Dike Blair
D’Amelio Terras
Dike Blair’s recent show was a mini survey of gouache still lifes made between 1988 and 1997. Presented in D’Amelio Terras’s front room by arrangement with Blair’s regular gallery, Feature, Inc., these works had not all been shown together before. The artist began last year to incorporate similar hyperrealist paintings on paper into his post-Minimal sculptures, which typically also involve light boxes, power cords, and industrial carpeting. But when not constituting conceptual devices within larger works, Blair’s early stand-alone scenes from the life of mundane objects occupy an oddly indeterminate position.
The items depicted—stacked VHS tapes, for example—are immediately familiar, but one feels their creeping obsolescence. Like artifacts under glass, the works’ subjects betray their age. At the same time, the sense of touchstone objects having been hermetically walled away behind transparent sheaths express a deeper, totally contemporary preoccupation.
The fifteen small, untitled paintings on view were arranged roughly chronologically. Earlier works depicted studio setups, composites of late twentieth-century consumerism with a faint masculine flavor: books by Philip K. Dick and J. G. Ballard, a Maxell cassette, a Mennen Speed Stick, a Marlboro soft-pack, open cans of Coca-Cola Classic. Blair is genuinely interested in the charge of pleasure and boredom attached to incidentals like ashtrays and comic books. But his real fascination is with the way in which reflective surfaces keep the handmade realist image strangely liquid, simultaneously opposed and indebted to the simulacral, instrumental reproduction. Blair arranged his name-brand totems on sheets of glass painted on their undersides, photographed the arrangements, and painted from the photographs. Occasionally, he spray-painted the paper before modeling the image in gouache and pencil. Through such simple technical procedures, the arrays appear to hover on richly hued, smoothly continuous, subtly mirrored grounds. A travel alarm clock (Braun) and a carton of cigarettes (Marlboro) ghost themselves in pools of reflection. Then, of course, the pictures are framed behind glass, adding random reflections of the gallery’s interior or viewers’ faces.

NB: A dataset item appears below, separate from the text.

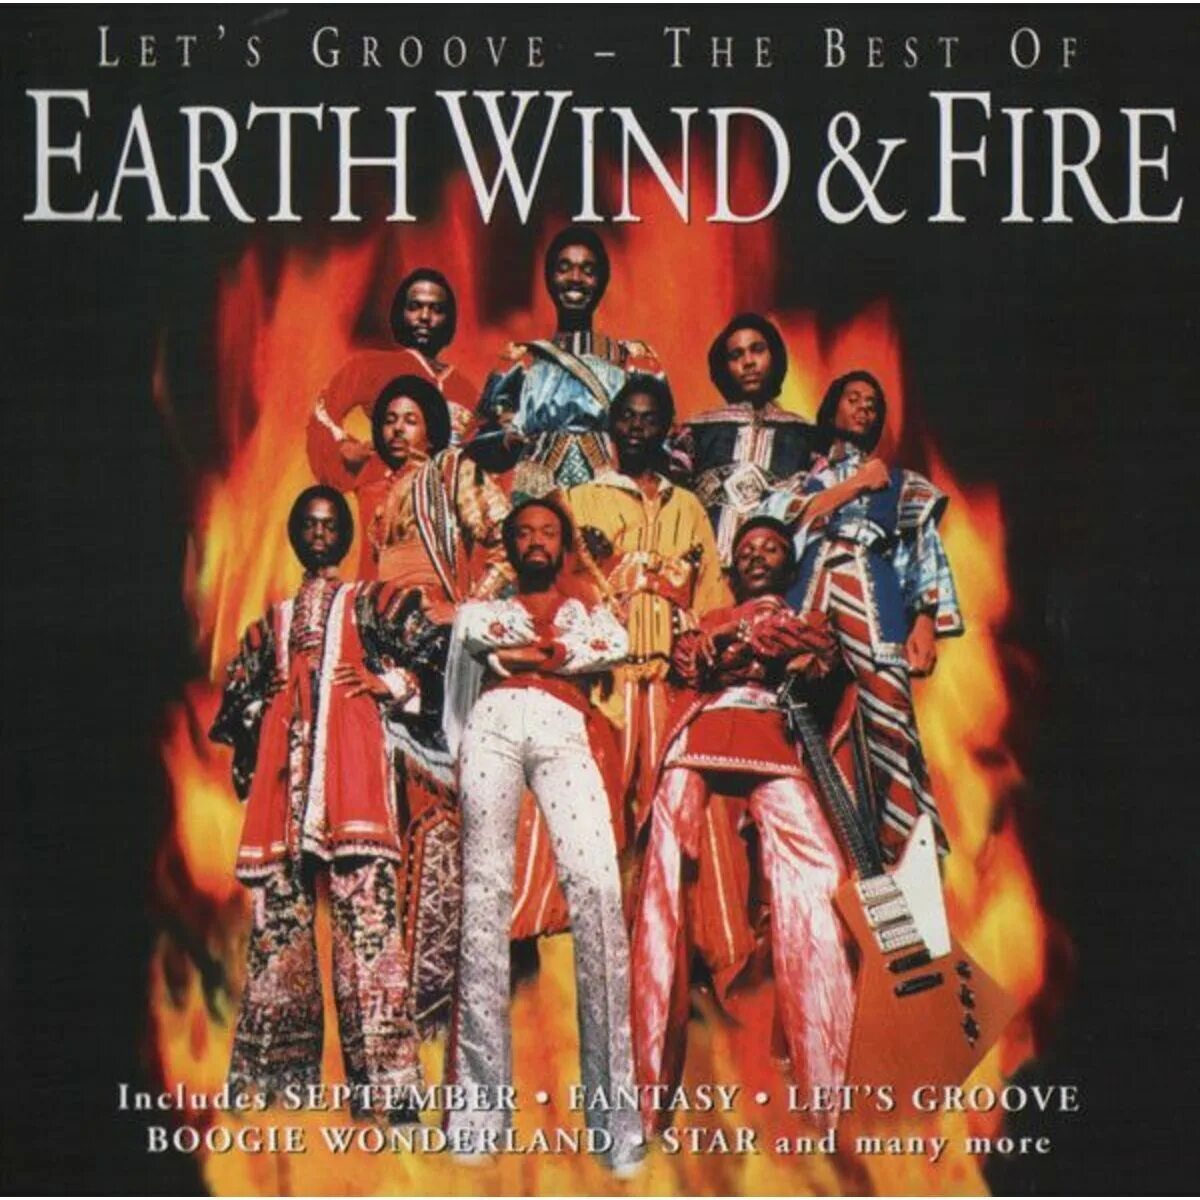 Lets me fire. Let's Groove Earth Wind Fire обложка. Earth, Wind & Fire. September Earth Wind Fire. Земля ветер огонь группа.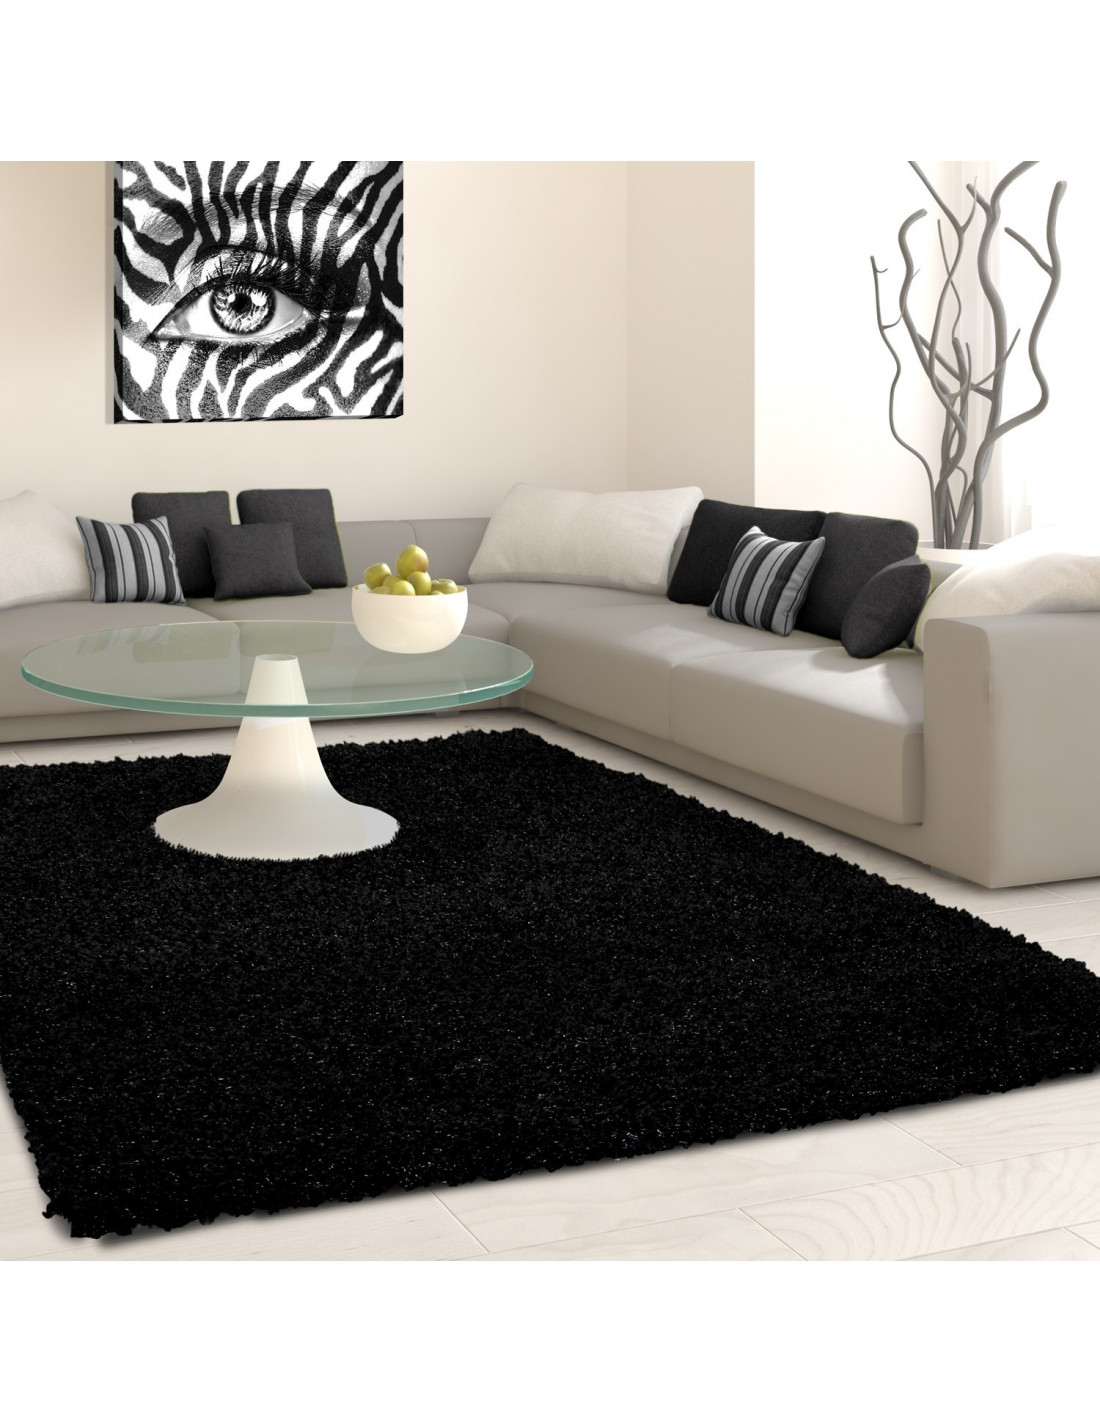 Shaggy carpet, high pile, long pile, living room shaggy, pile height 3cm, unicoloured anthracite

This literal transparency registers most strongly in the second group of works. These derive not from studio contrivance but from accidental arrangements on restaurant tables—that is, scenes you might glimpse through windows—also photographed and exactingly copied. A diner coffee cup and a half-full plastic water glass, a napkin or sugar dispenser thus rest on, and are observed through, seamlessly reflective surfaces. It’s a realm of airless totality, in which a flashbulb hot spot on the rim of a saltshaker threatens to swallow all adjacent existence, a bright black hole on a fast-food countertop.
Doubled and insubstantial, a hip dude’s bedside or lunchtime detritus thus takes on the otherworldly sheen of a Dutch still life, which itself then collapses into light-boxed ads of the sort one might find in a convention center. Merging memento mori with hedonistic celebration, Blair’s too-perfect, psychically invested possessions feel intentionally solipsistic, even quietly insane—the way half-eaten meals and small-town streets in Stephen Shore’s photographs feel violent, exhausted, peculiarly American. Blair’s more of a softie, though, than Shore. Enthusiasts of chrome and plate glass like Richard Estes and Audrey Flack come to mind, as do object-cathected diarists like Vija Celmins. There are hints of glam melancholia that recall Wolfgang Tillmans, and narrative spellbinding suggestive of Edward Hopper and Norman Rockwell. The fact that some of these Pop lyricists hail from generations well anterior to Blair’s, while others follow him, only ratifies the tenacity of the problem that is the contemplative fine-art image of a disposable mass-produced thing. What is realism? Why is it useful? The answer is always a variation on the theme of normalizing, via conventionality, the radical low-grade psychedelia of experience.
Perhaps Blair himself explains it best when, in an interview, his friend Richard Prince asks about the best place to install his work. Blair admits that the paintings are domestic and look good in homes. But his favorite site, he says, would be “a meditation room at an airport.”